§ ASSIGNMENT: Could you give the listing again exactly, without its pictures?

§ DATA BLOCK:
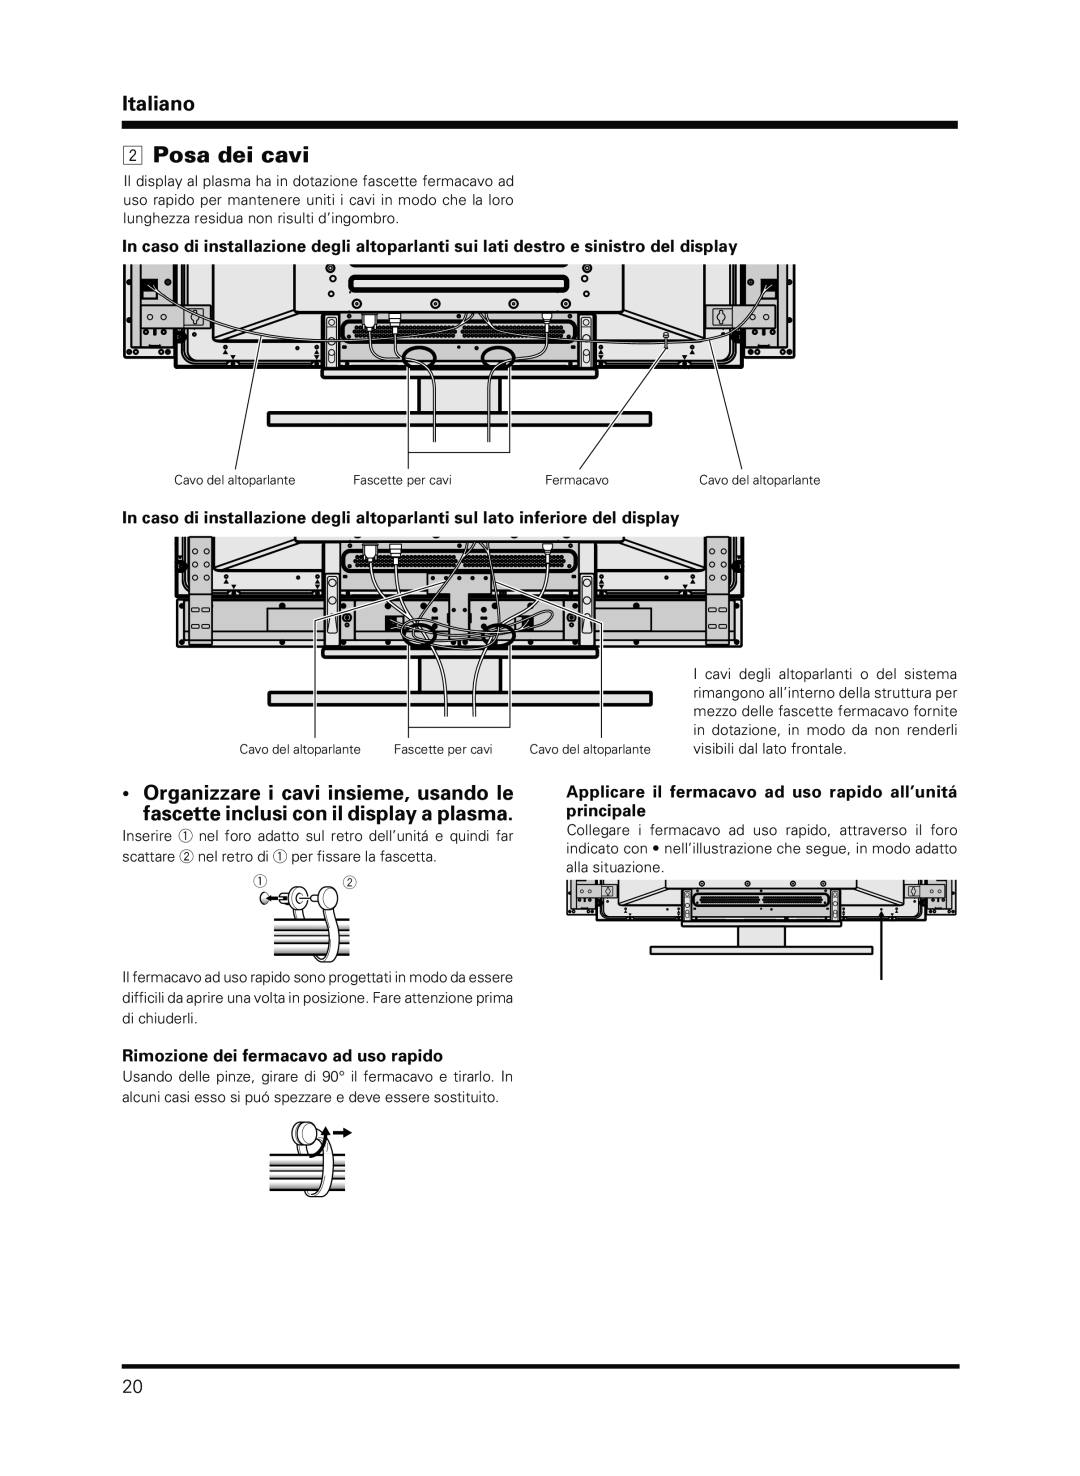 Pioneer PDP-S13-LR manual Posa dei cavi, Rimozione dei fermacavo ad uso rapido, Italiano 
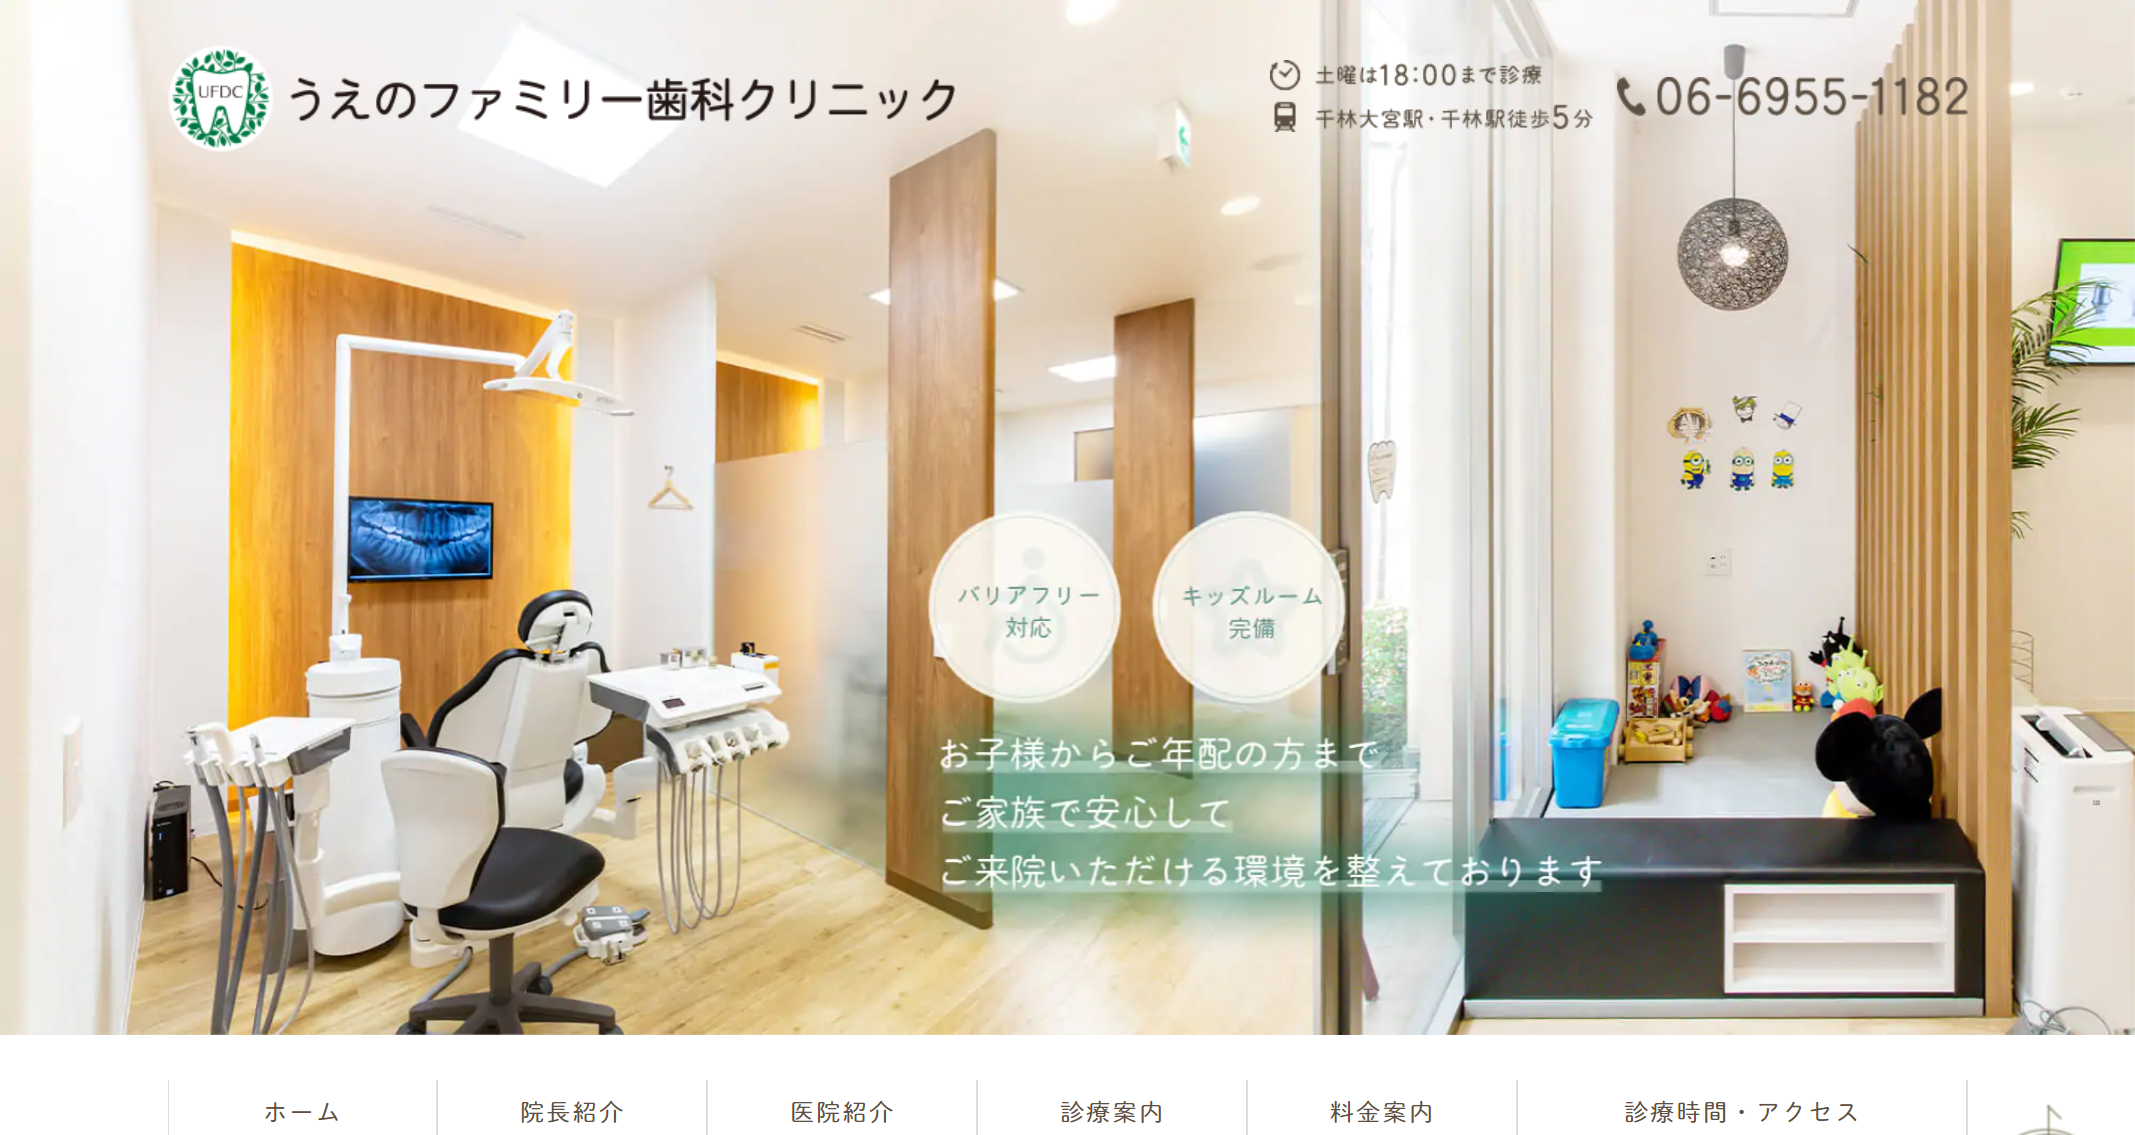 大阪市で評判のセラミック治療におすすめの歯科クリニック10選 うえのファミリー歯科クリニック
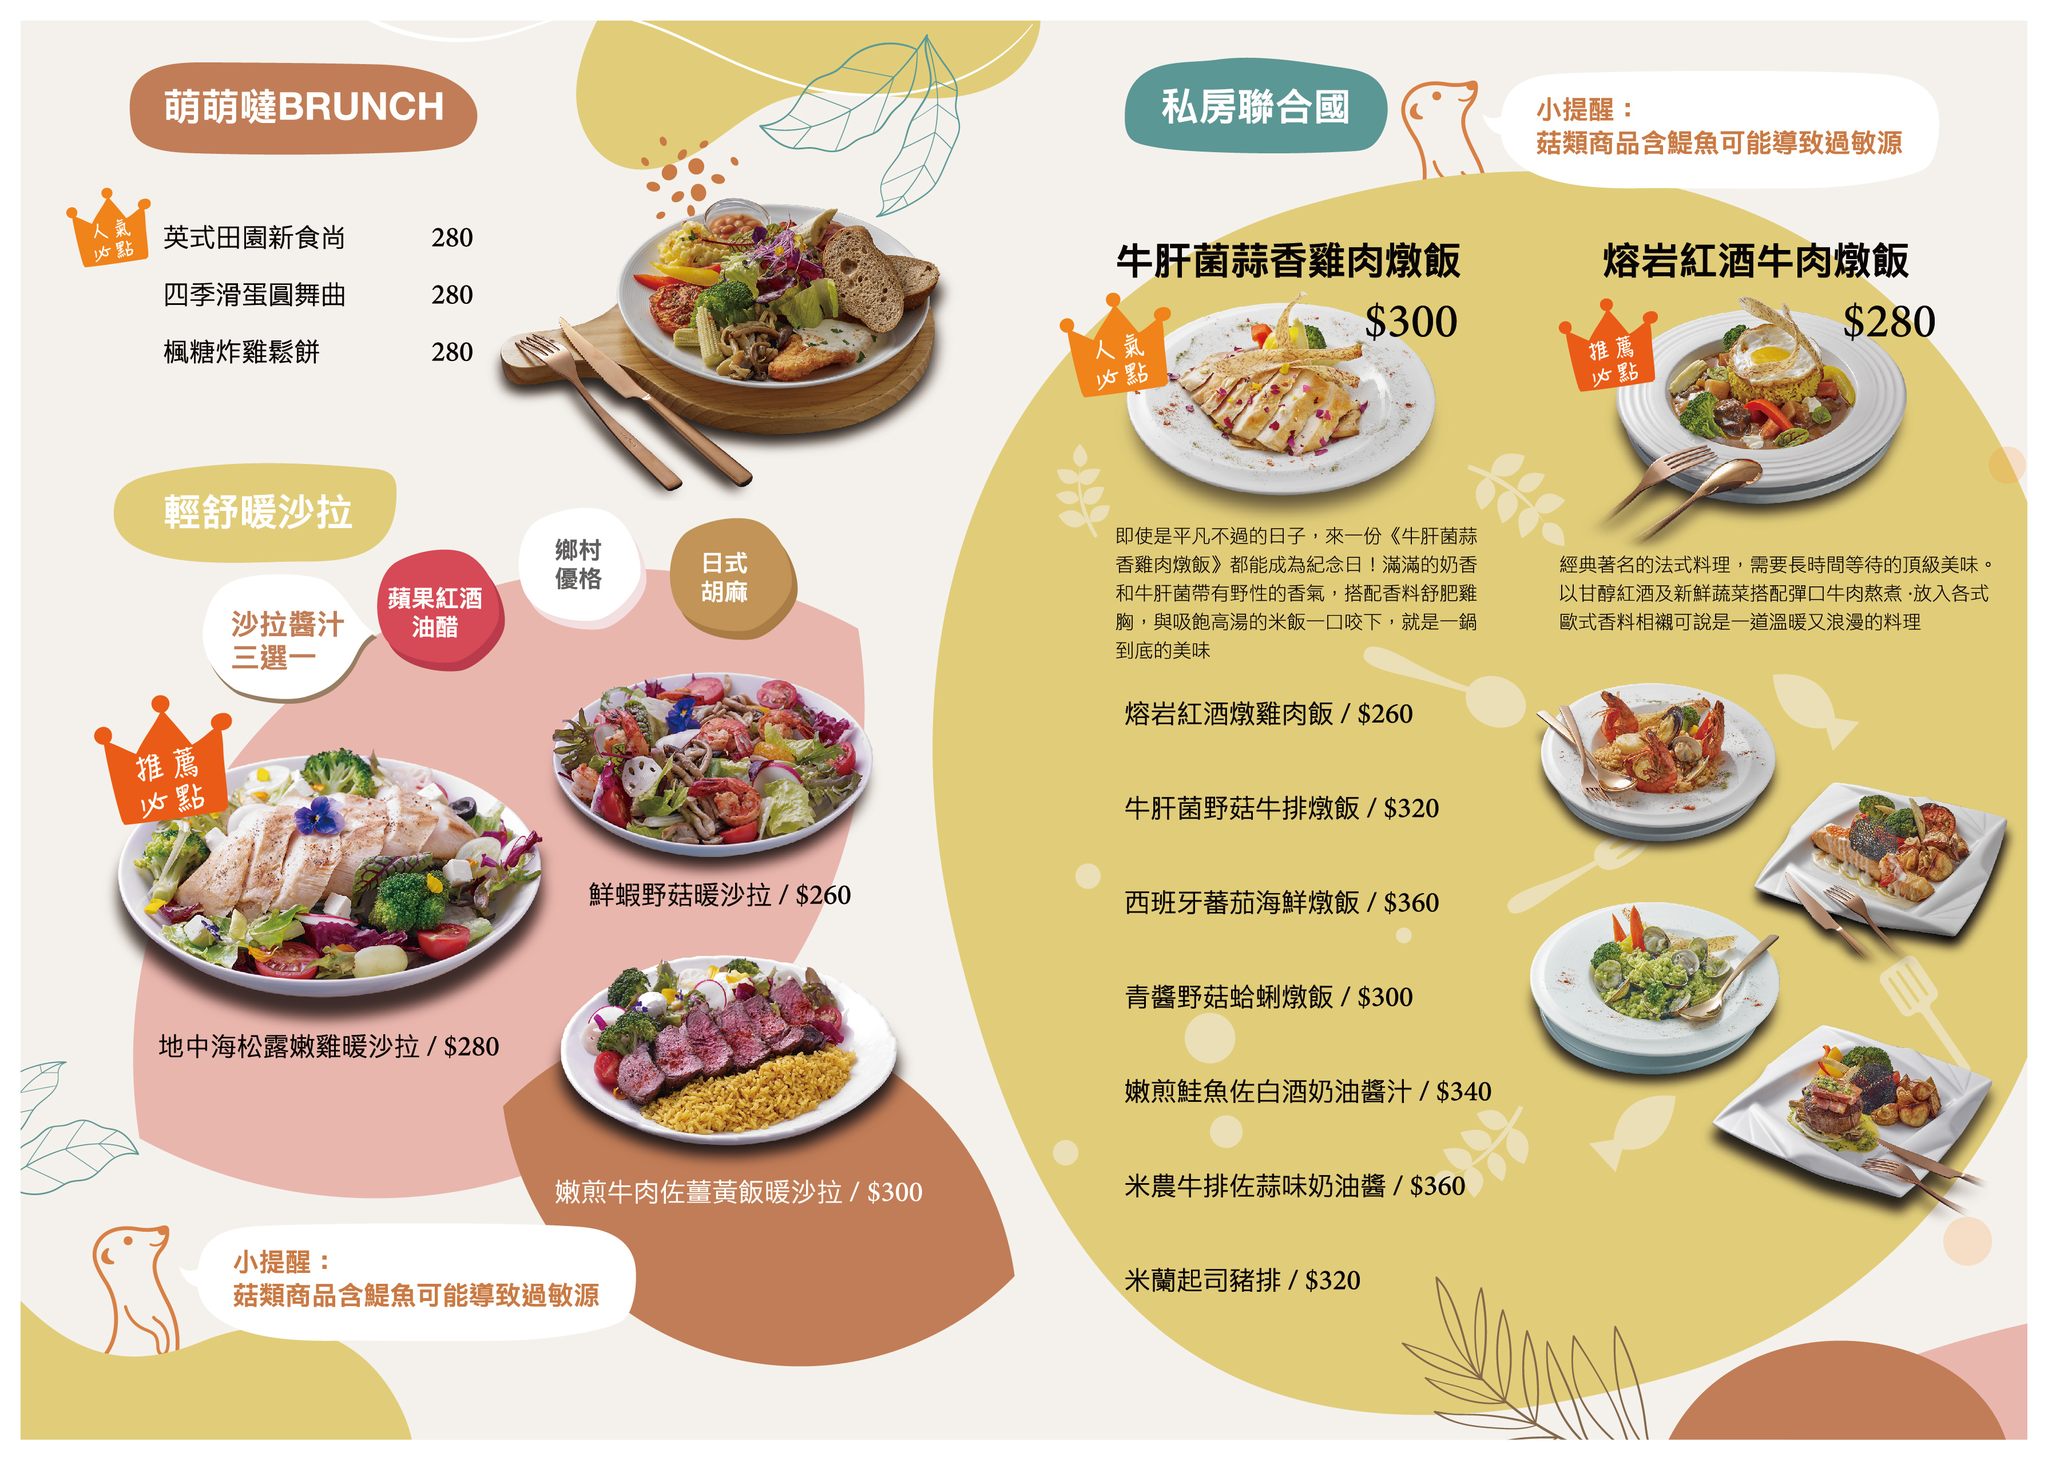 75度獴主題餐廳,動物主題親子公園,台北主題餐廳,台北寵物住宿,台北寵物咖啡廳,台北美食,狐獴主題餐廳

§ RESULT FOR THIS TASK:
 Pioneer PDP-S13-LR manual Posa dei cavi, Rimozione dei fermacavo ad uso rapido, Italiano 
 大阪市で評判のセラミック治療におすすめの歯科クリニック10選 うえのファミリー歯科クリニック
 75度獴主題餐廳,動物主題親子公園,台北主題餐廳,台北寵物住宿,台北寵物咖啡廳,台北美食,狐獴主題餐廳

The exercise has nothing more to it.